Start of DATA

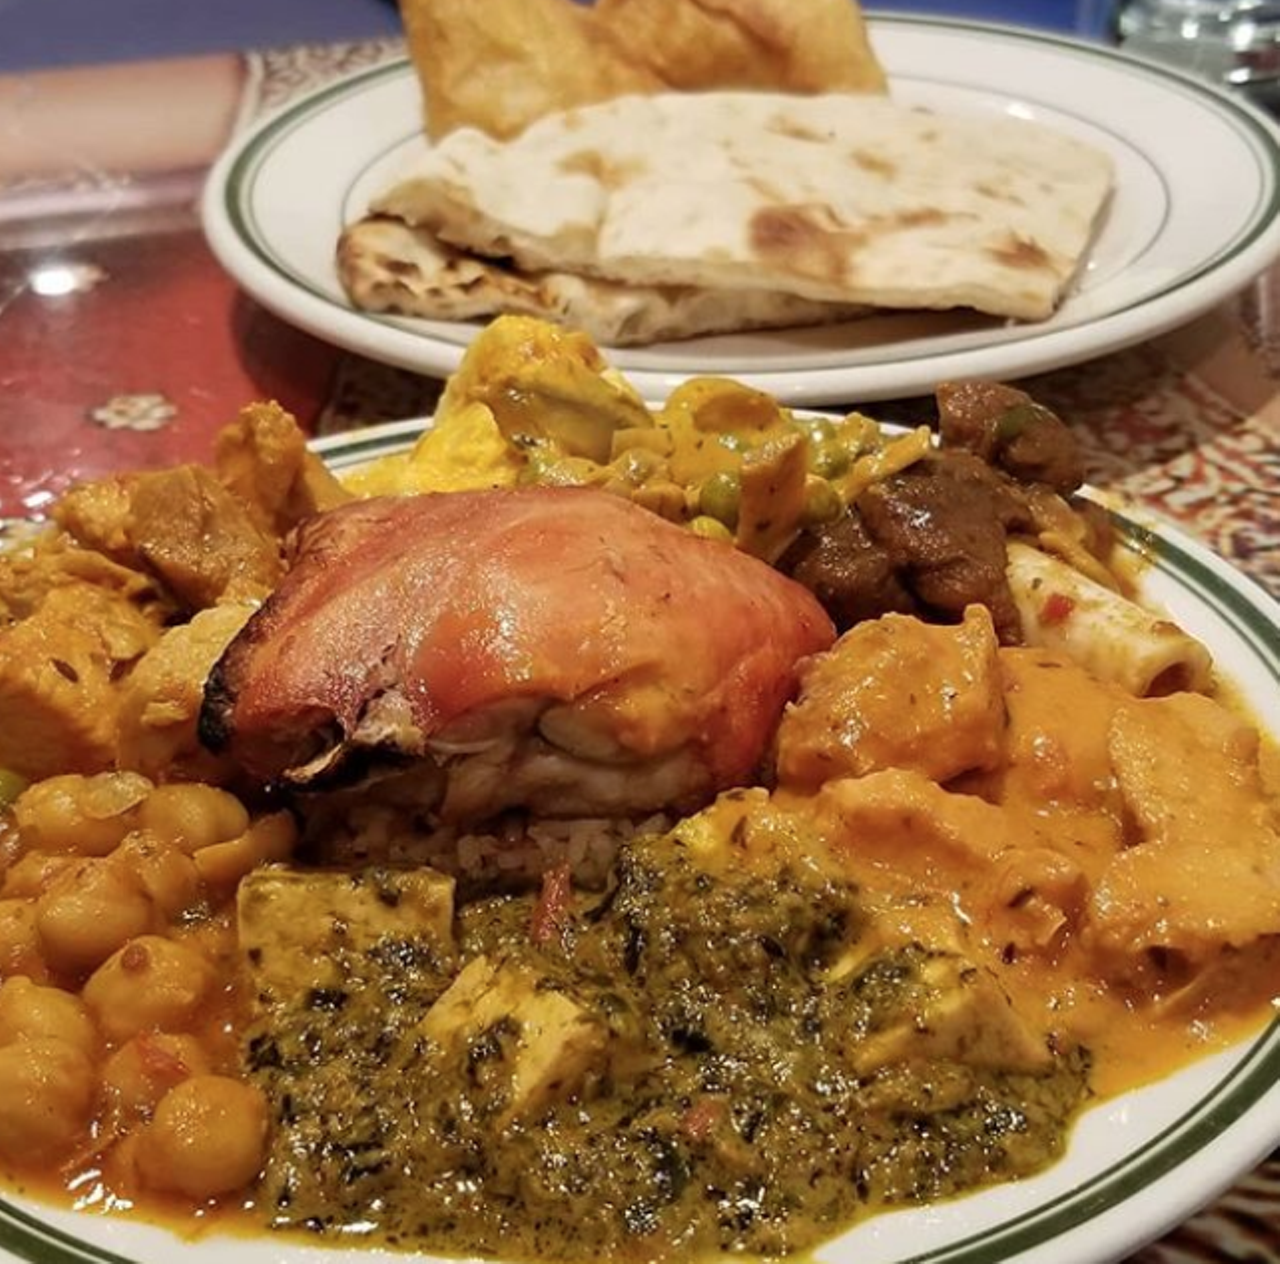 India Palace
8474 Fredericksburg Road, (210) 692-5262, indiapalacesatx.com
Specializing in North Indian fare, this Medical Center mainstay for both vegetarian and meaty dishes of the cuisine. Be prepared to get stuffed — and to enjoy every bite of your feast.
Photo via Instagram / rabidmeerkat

End of DATA

_WHAT THE TASK REQUIRES:_ Please output the material above unchanged, apart from removing the pictures.

_COMPLETED TASK:_
 India Palace
8474 Fredericksburg Road, (210) 692-5262, indiapalacesatx.com
Specializing in North Indian fare, this Medical Center mainstay for both vegetarian and meaty dishes of the cuisine. Be prepared to get stuffed — and to enjoy every bite of your feast.
Photo via Instagram / rabidmeerkat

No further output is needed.